INFORMATION SUPPLIED —
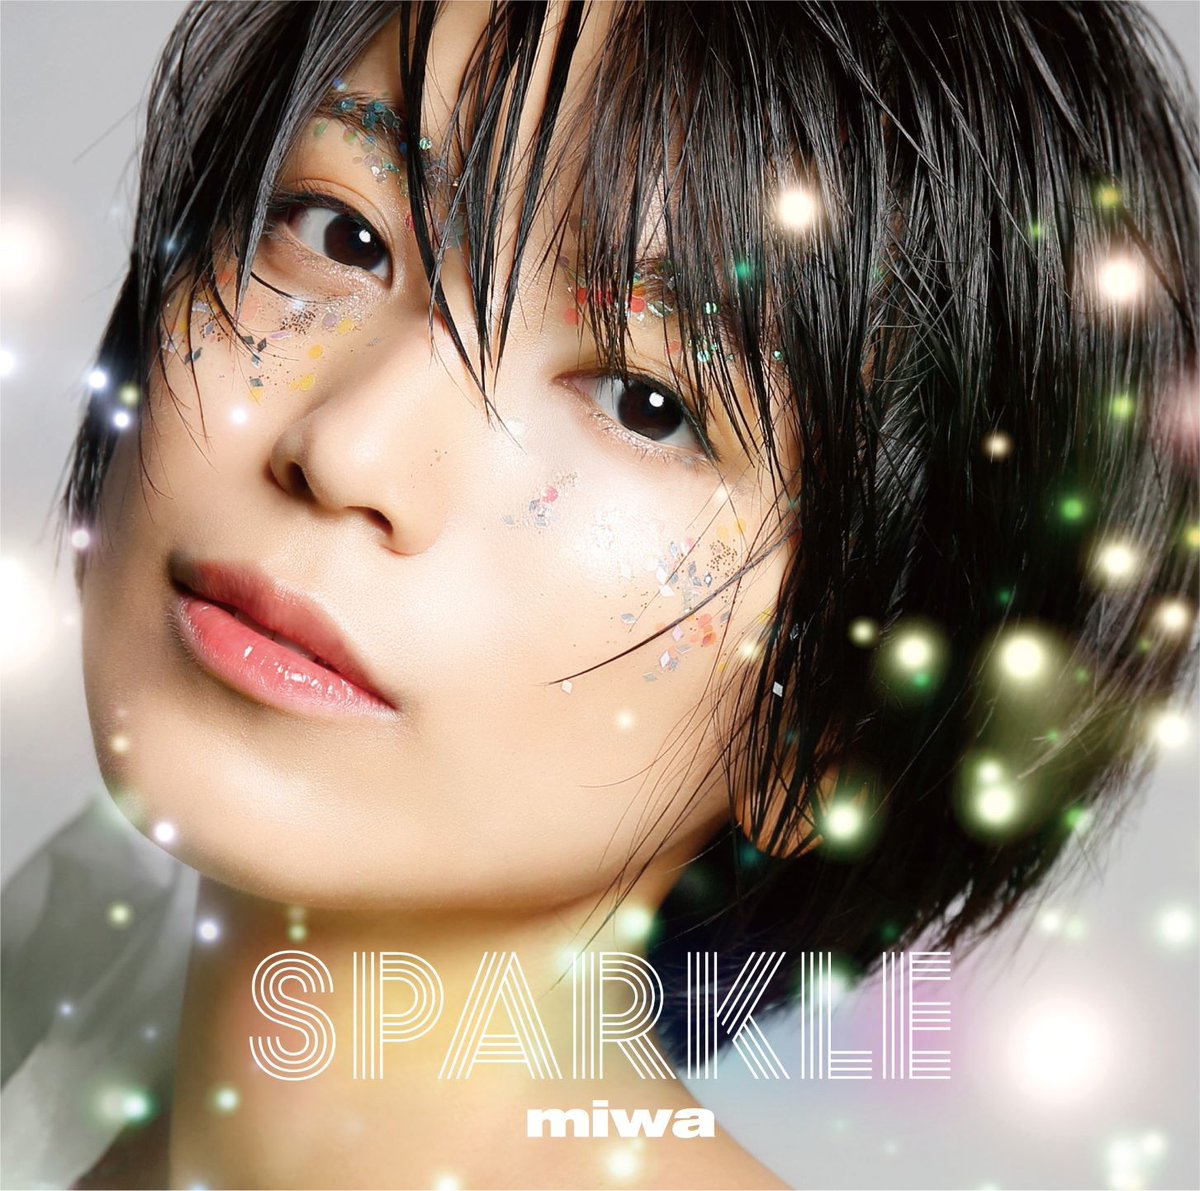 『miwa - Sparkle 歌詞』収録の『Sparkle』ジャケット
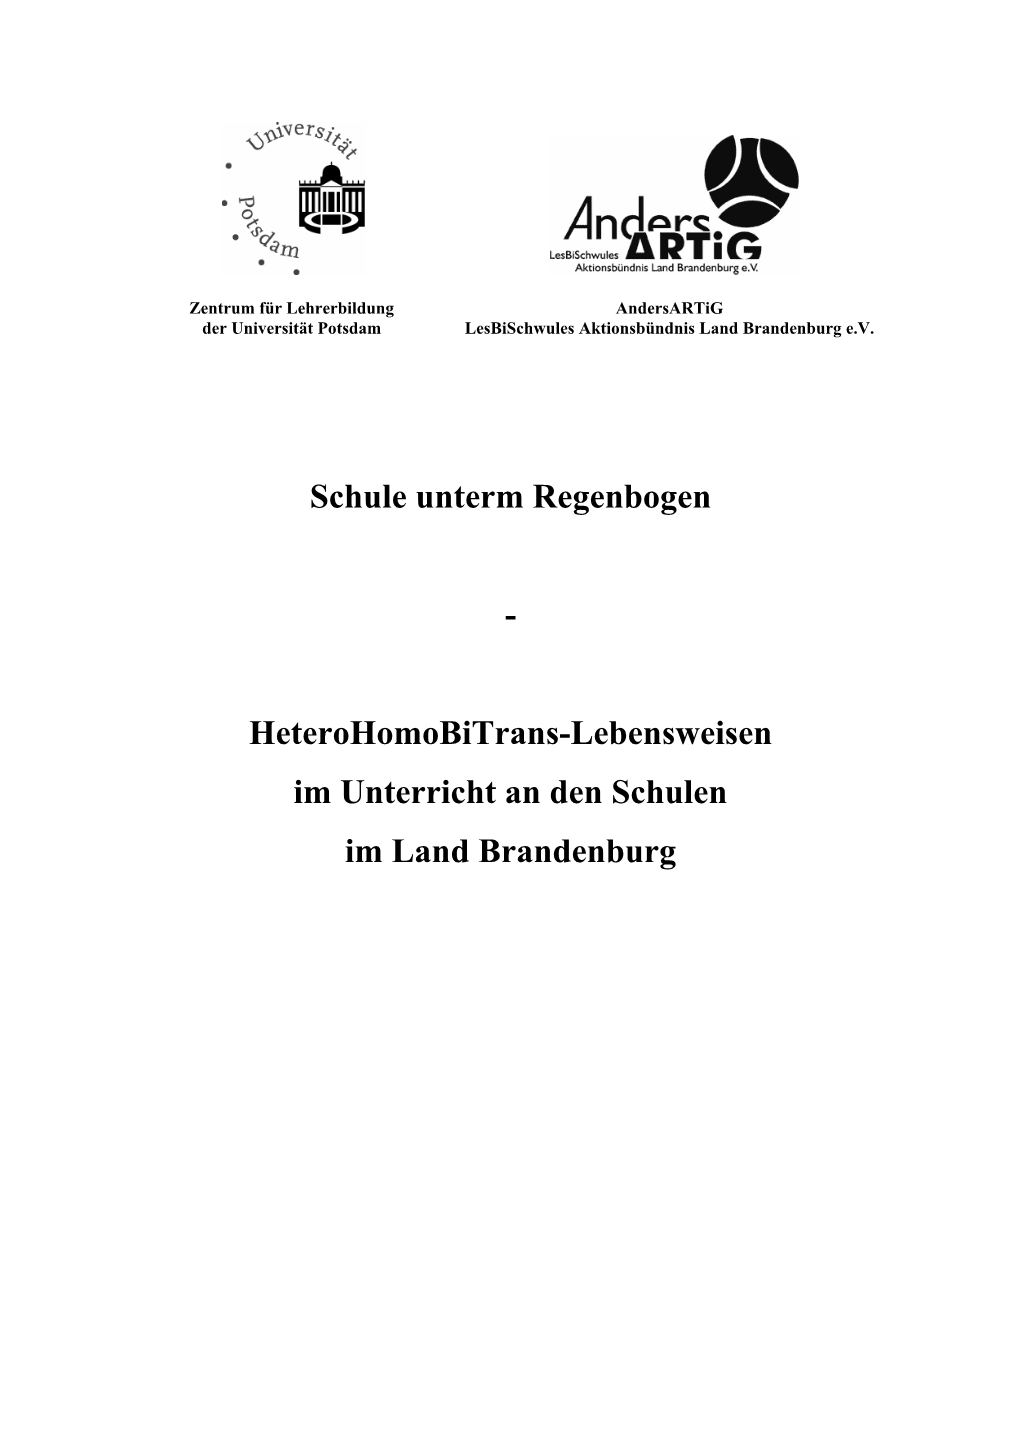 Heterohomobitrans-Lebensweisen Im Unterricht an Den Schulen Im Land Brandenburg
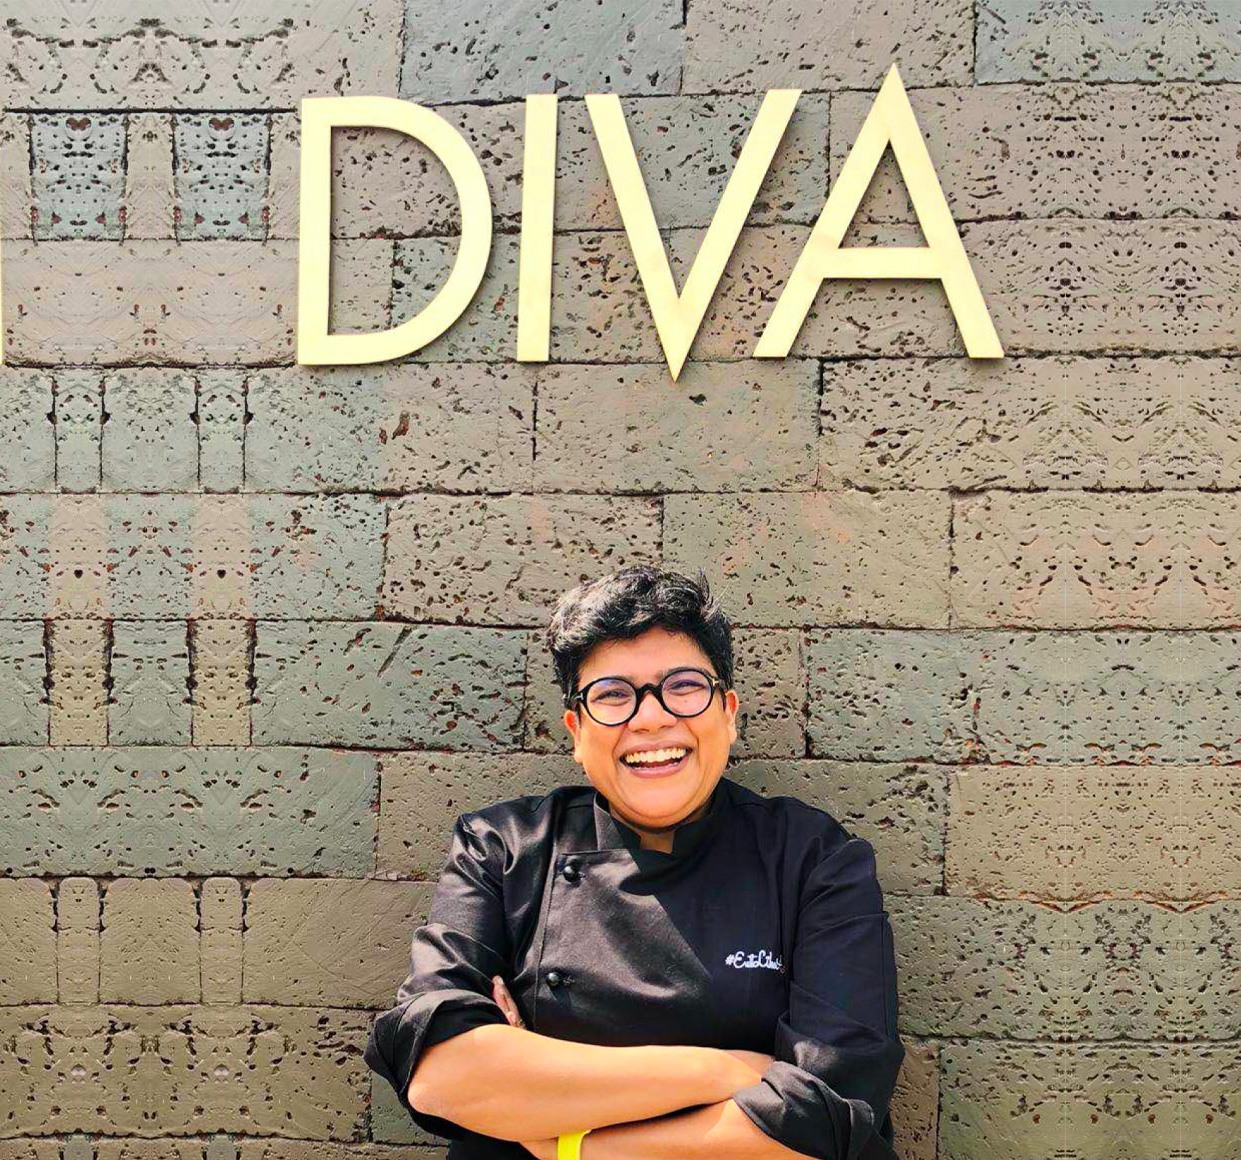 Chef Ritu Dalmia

WHAT TO PRODUCE — An exact transcription of the material is required, without any pictures.

EXERCISE RESULT —
 『miwa - Sparkle 歌詞』収録の『Sparkle』ジャケット
 Heterohomobitrans-Lebensweisen Im Unterricht an Den Schulen Im Land Brandenburg
 Chef Ritu Dalmia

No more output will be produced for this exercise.